Since the records include pictures, leave those out while you reproduce exactly and only the lines from the one containing "appareil photo à" through the one containing "Foto af Kudafushi", inclusive.

## DATA RECORDS

####

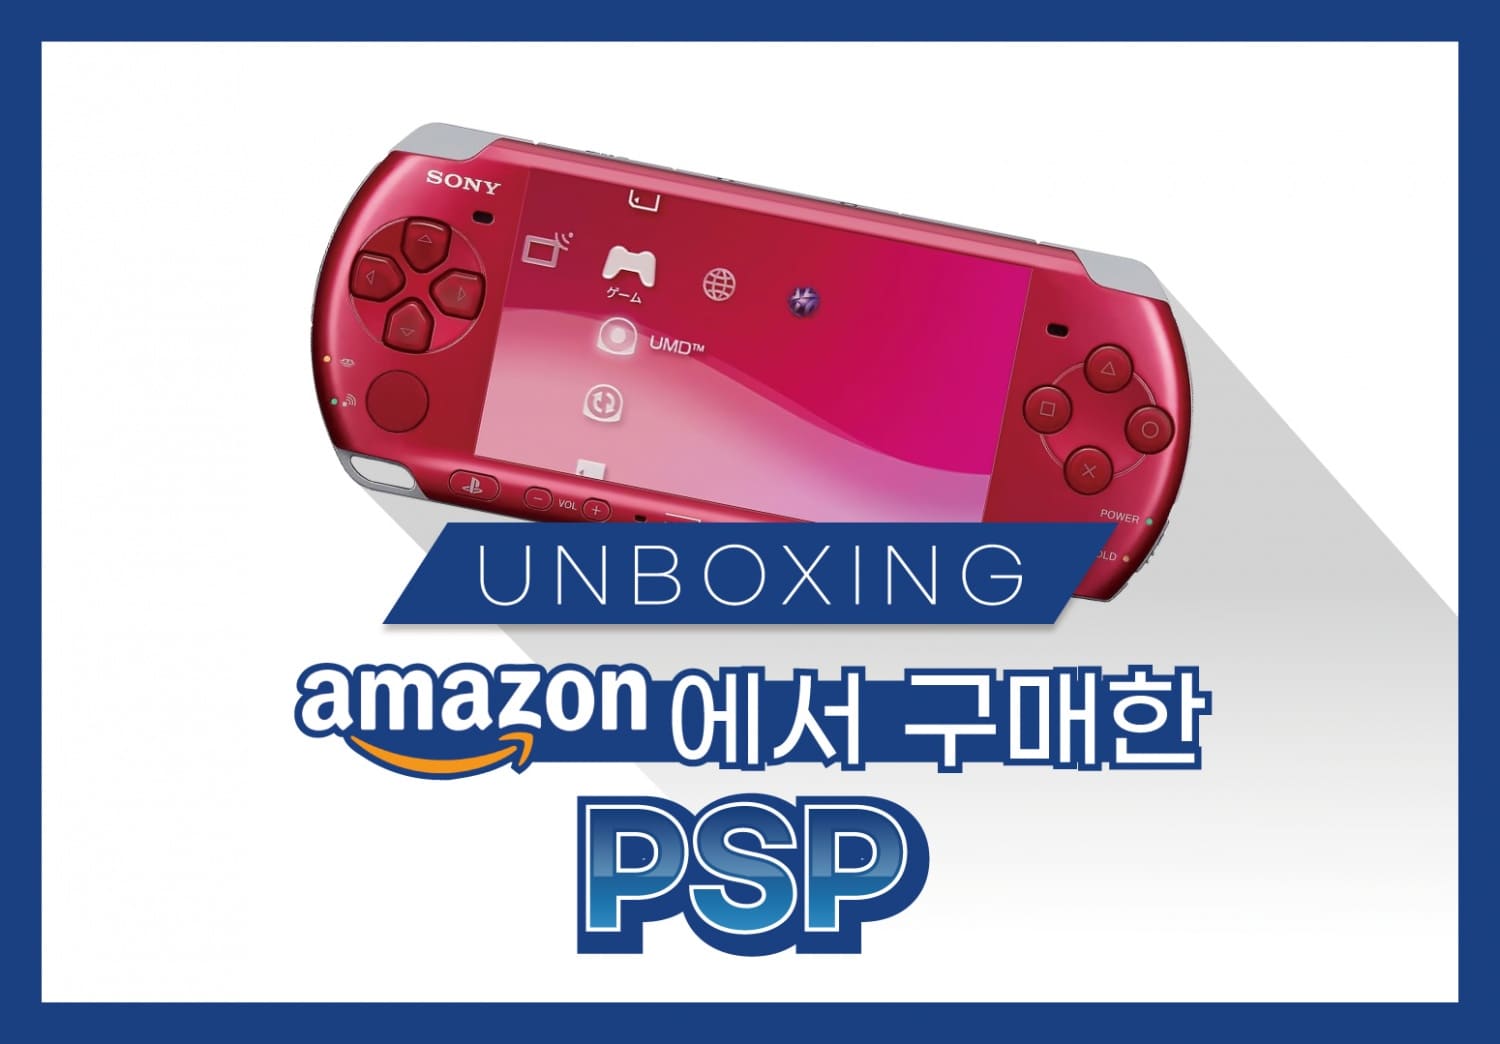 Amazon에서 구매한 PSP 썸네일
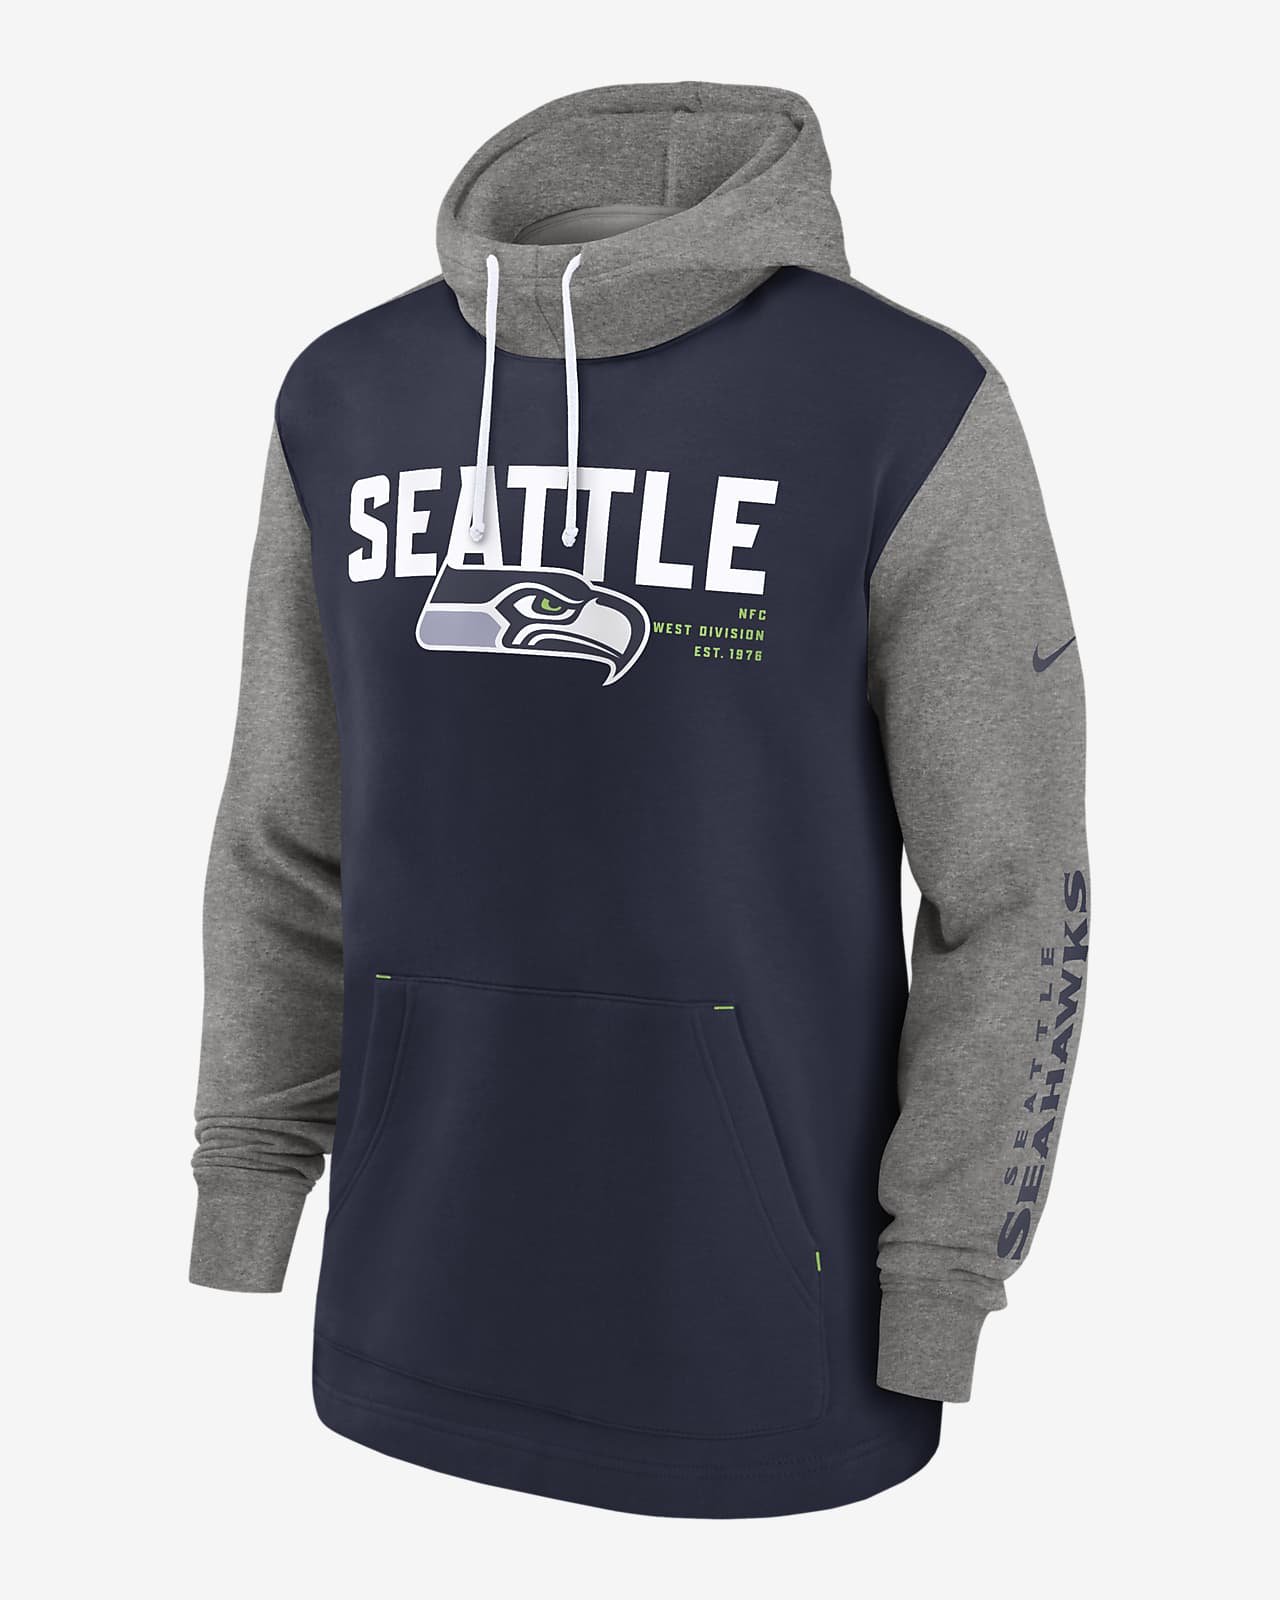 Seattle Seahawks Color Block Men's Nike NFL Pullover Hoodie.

####

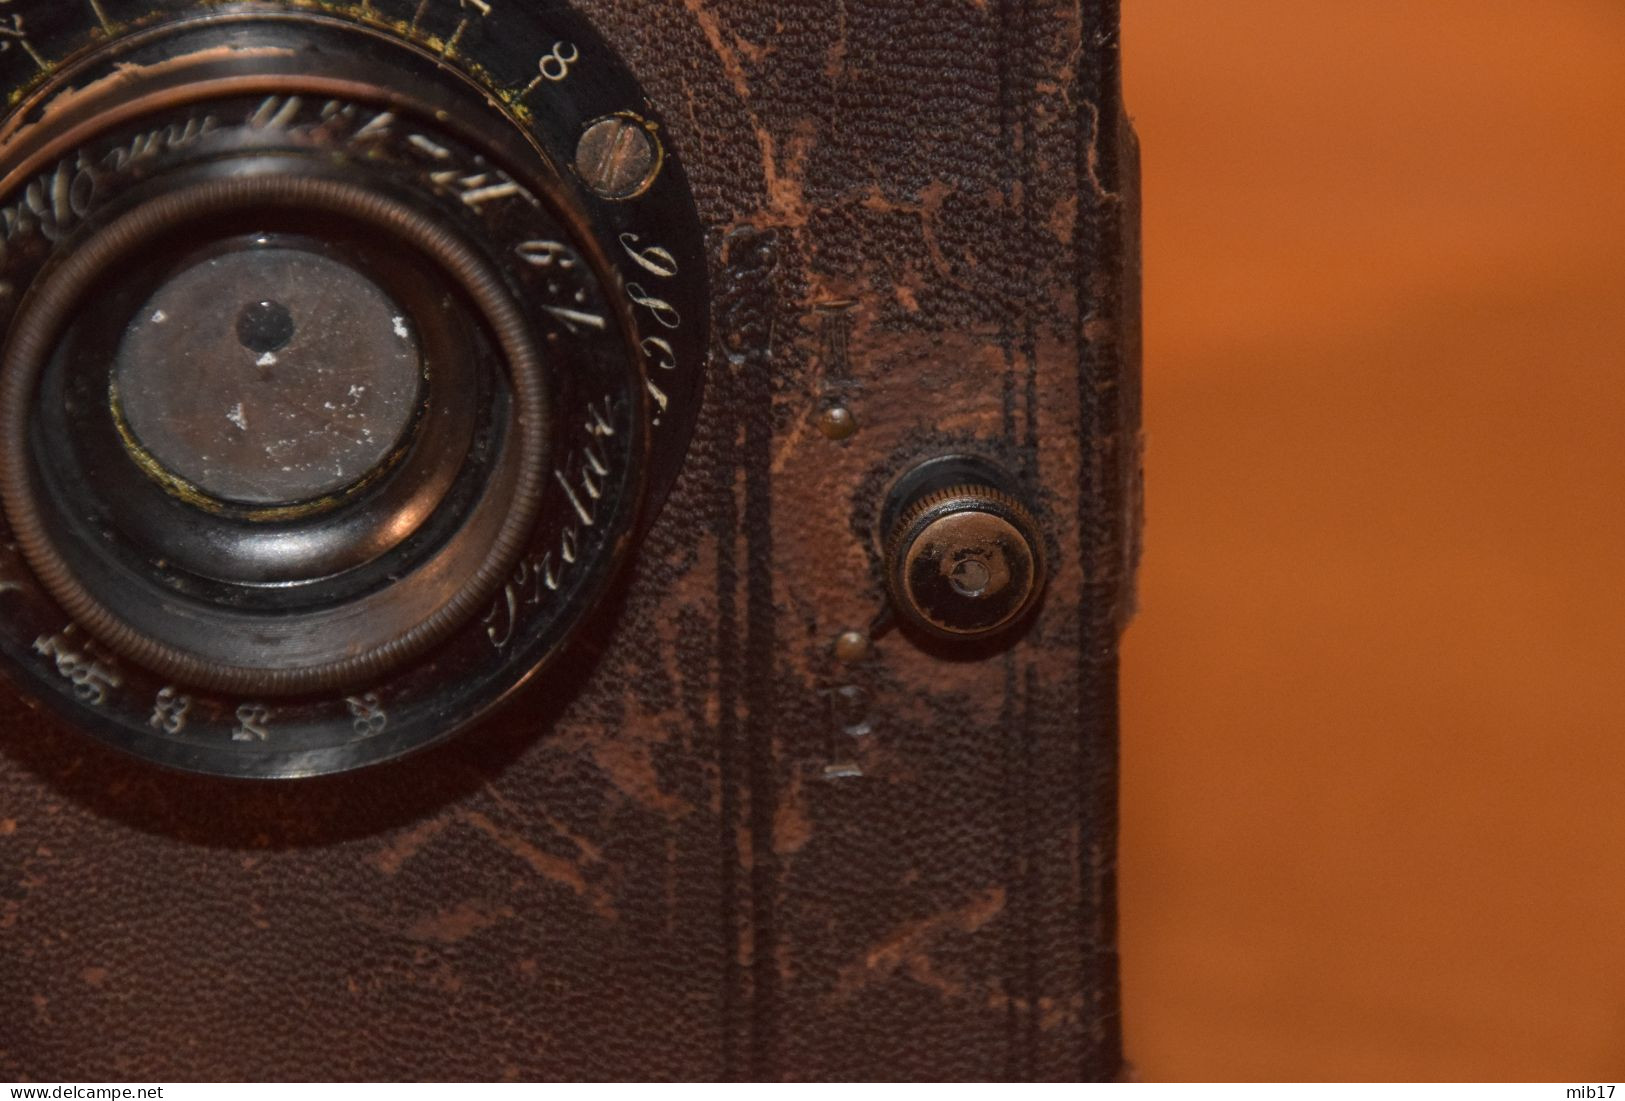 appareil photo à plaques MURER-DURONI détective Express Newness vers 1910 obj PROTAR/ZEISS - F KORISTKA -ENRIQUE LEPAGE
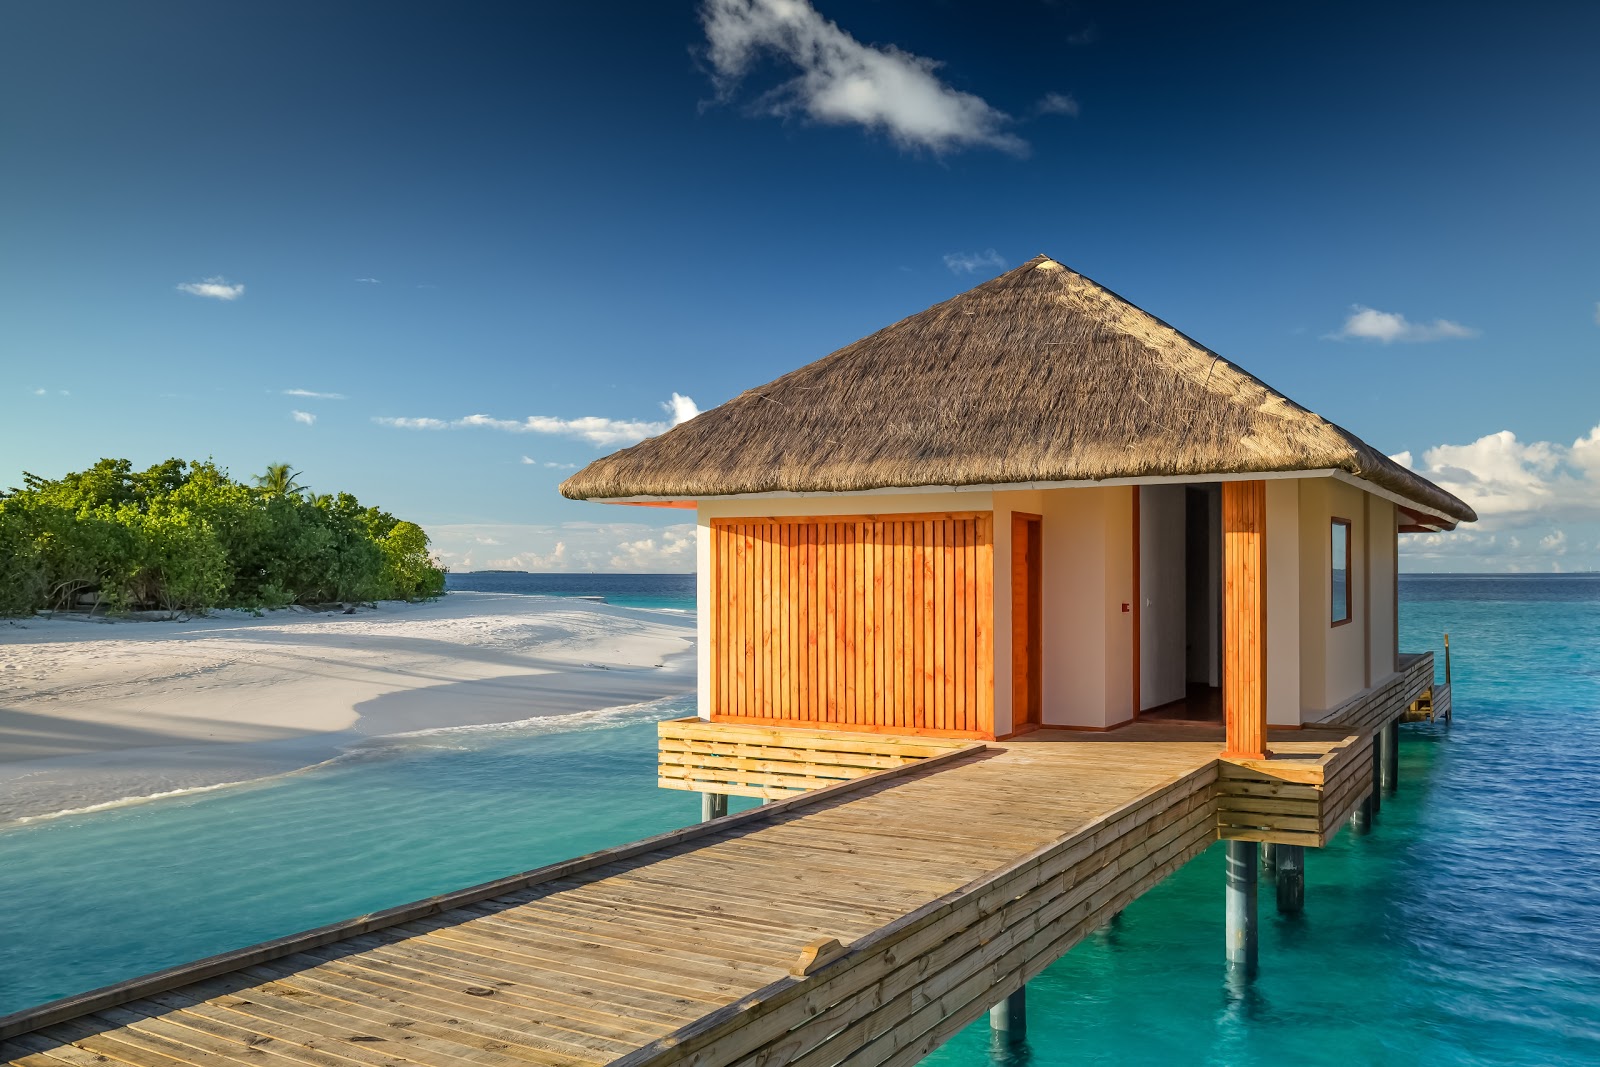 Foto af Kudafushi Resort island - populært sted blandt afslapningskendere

####

## TASK RESPONSE
 appareil photo à plaques MURER-DURONI détective Express Newness vers 1910 obj PROTAR/ZEISS - F KORISTKA -ENRIQUE LEPAGE
 Foto af Kudafushi Resort island - populært sted blandt afslapningskendere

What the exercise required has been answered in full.